In the suit now under consideration there was a separate and distinct controversy between the plaintiff, a citizen of Iowa, and each of the citizens of New York, who were defendants. Each controversy related to the several tracts of land claimed by each defendant individually, and not as joint owner with the other defendants. Three of the citizens of New York caused to be made and filed the necessary affidavit and petition for removal, and thereupon, by common consent *559 apparently, the suit as an entirety was transferred to the Circuit Court for final adjudication as to all the parties. The plaintiff, as well as the defendants, appeared in the Circuit Court without objection, and that court proceeded as if its authority in the matter was complete. Whether in such a case the suit could be removed was a question for the Circuit Court to decide when it was called on to take jurisdiction.

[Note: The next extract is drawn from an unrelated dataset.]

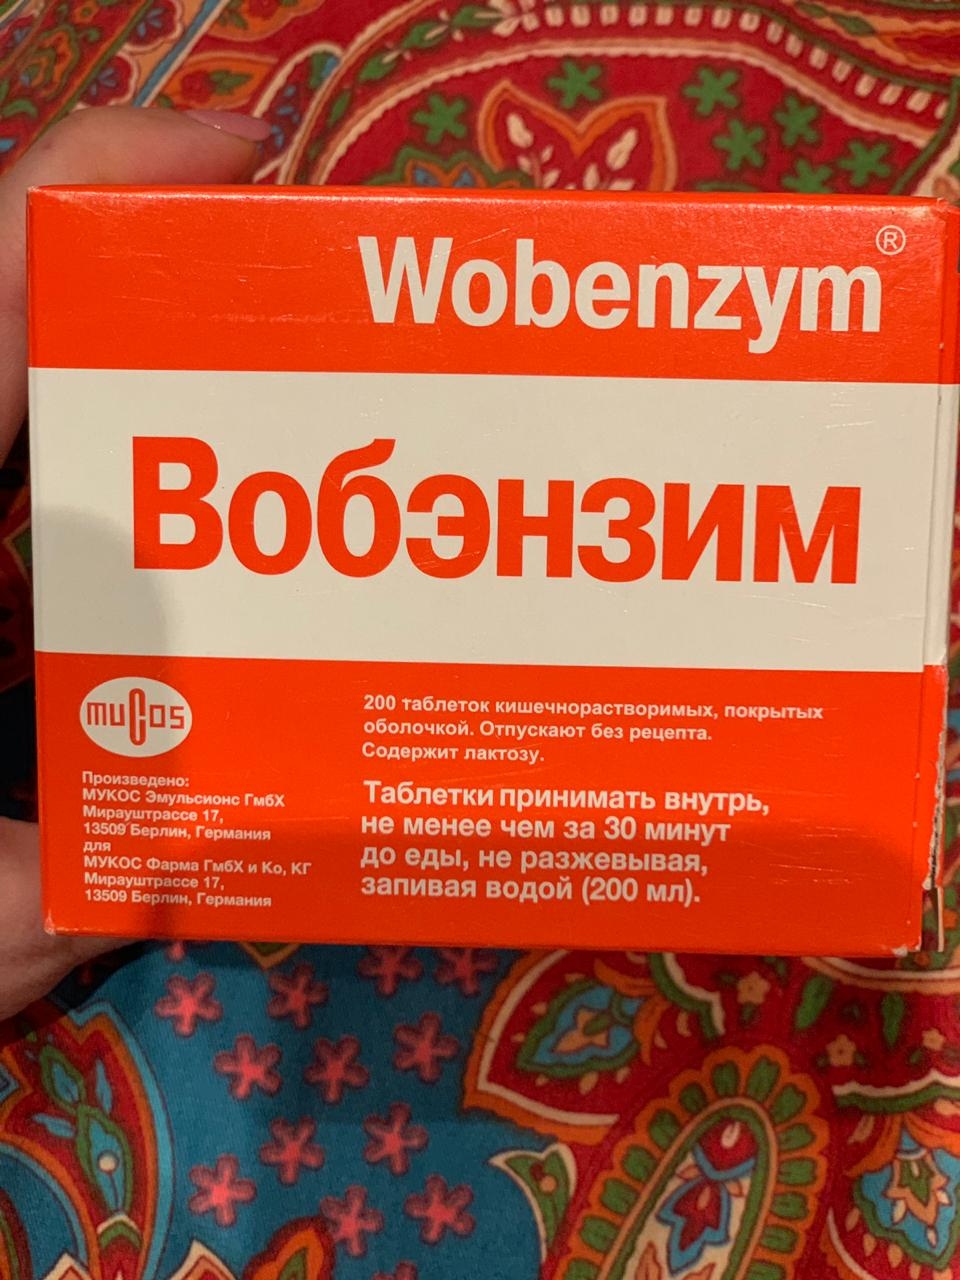 Wobenzym (Вобэнзим) - Лечение кольпита Вобэнзимом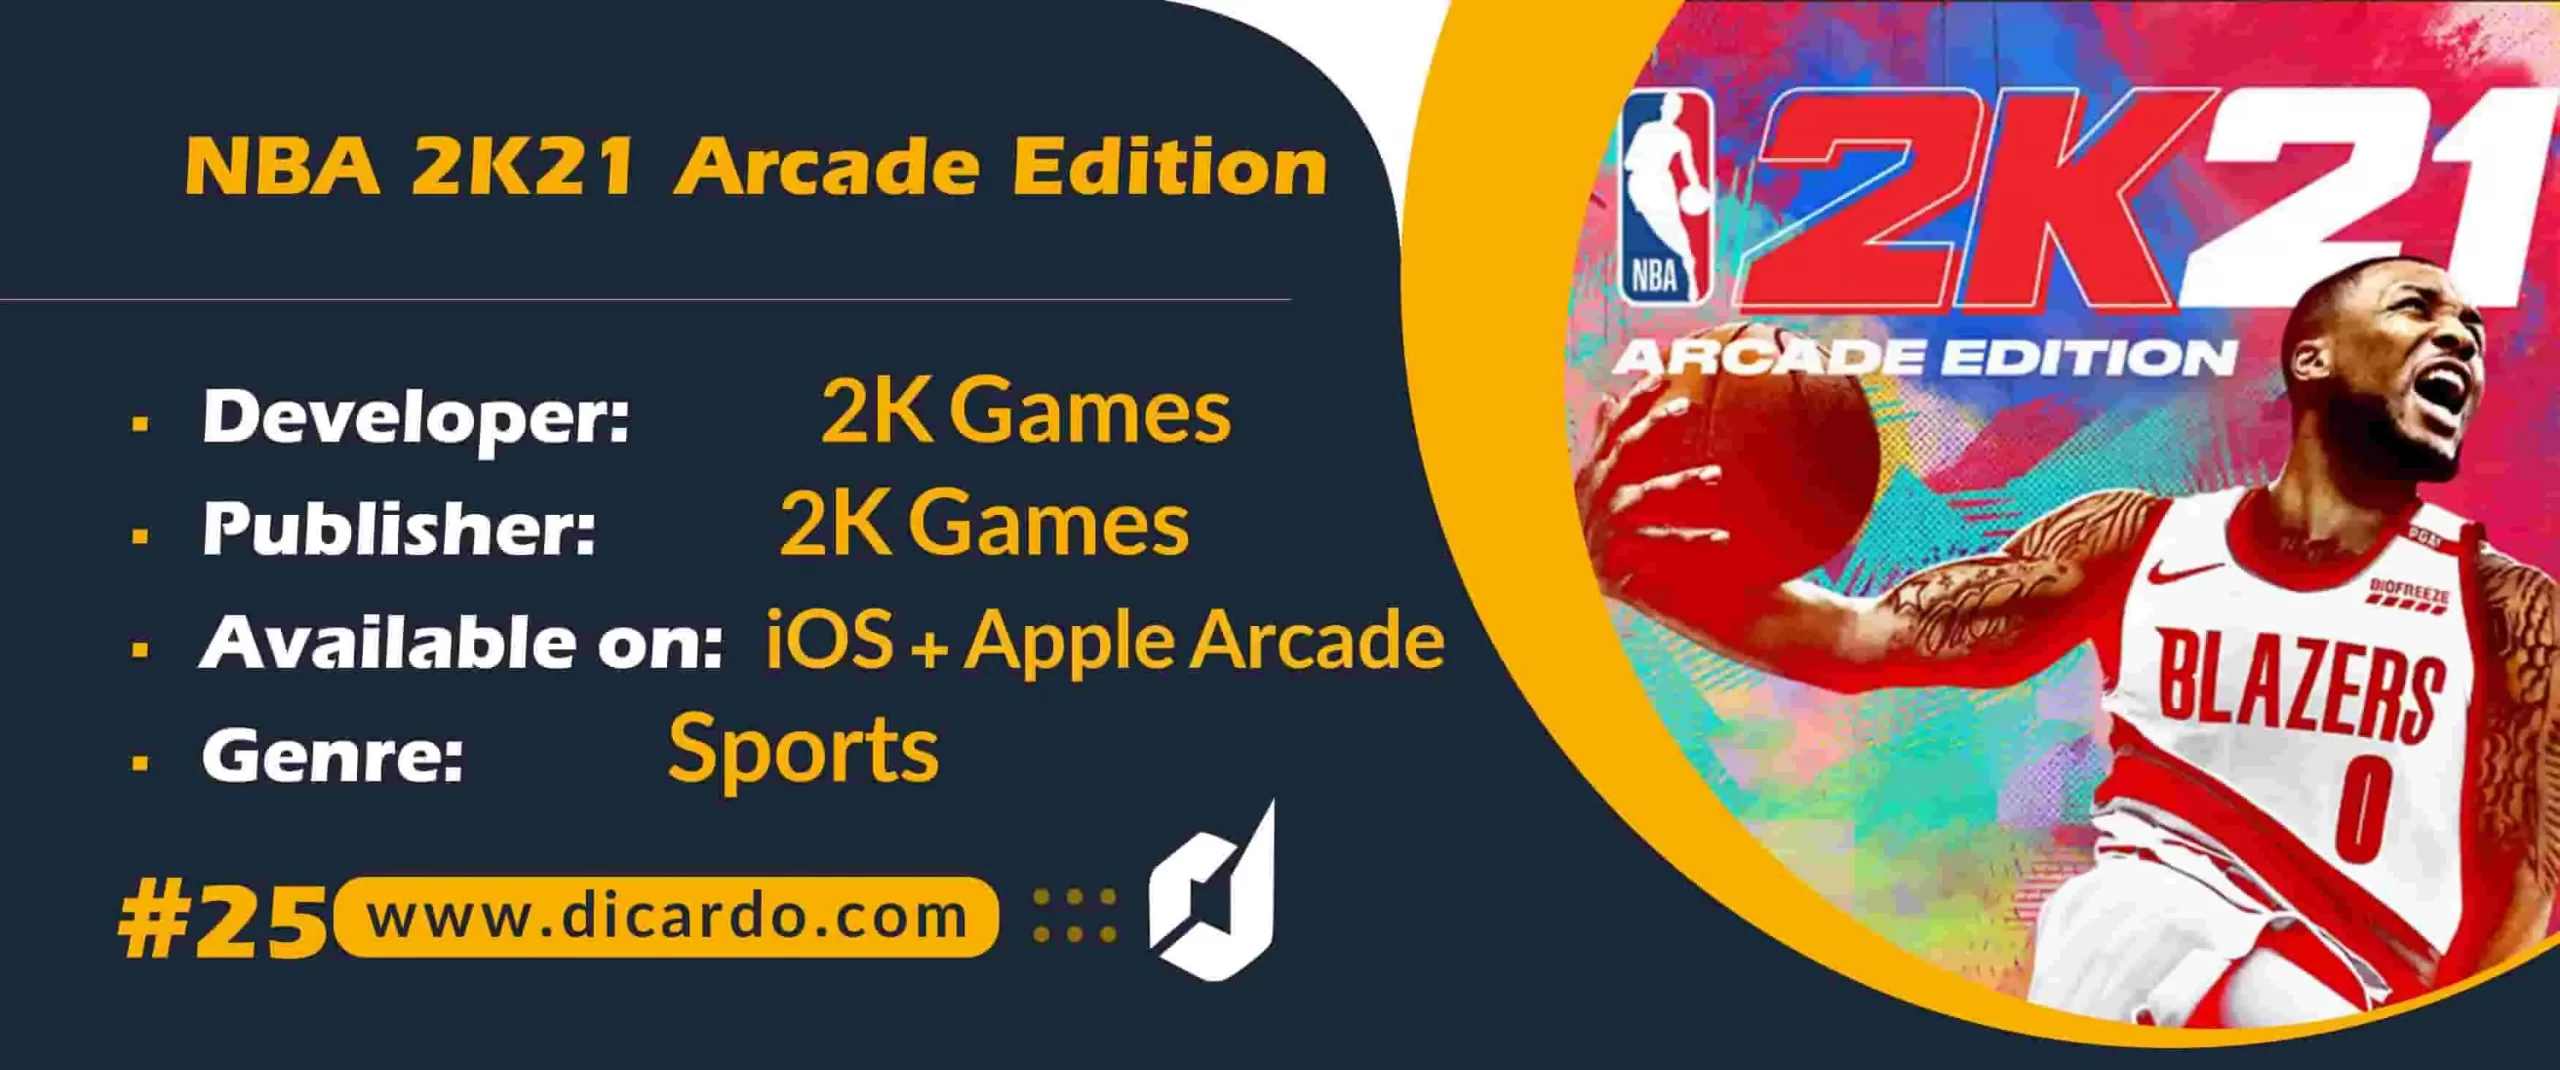 #25 آرکید ادیشن NBA 2K21 Arcade Edition

If it kept the case when it ought to have been remanded, or if it proceeded to adjudicate upon matters in dispute between two citizens of Iowa, when it ought to have confined itself to those between the citizens of Iowa and the citizens of New York, its final decree in the suit could have been reversed, on appeal, as erroneous, but the decree would not have been a nullity. To determine whether the suit was removable in whole or in part or not, was certainly within the power of the Circuit Court. The decision of that question was the exercise and the rightful exercise of jurisdiction, no matter whether in favor of or against taking the cause. Whether its decision was right, in this or any other respect, was to be finally determined by this court on appeal. As the Circuit Court entertained the suit, and this court, on appeal, impliedly recognized its right to do so, and proceeded to dispose of the case finally on its merits, certainly our decree cannot, in the light of prior adjudications on the same general question, be deemed a nullity. It was, at the time of the trial in the present case in the court below, a valid and subsisting prior adjudication of the matters in controversy, binding on these parties, and a bar to this action. In refusing so to decide, the court failed to give full faith and credit to the decree of this court under which the Navigation and Railroad Company claimed an immunity from all liability to the Homestead Company on account of the taxes sued for, and this was error.
For this reason, the judgment is reversed, and the cause is remanded for further proceedings, not inconsistent with this opinion.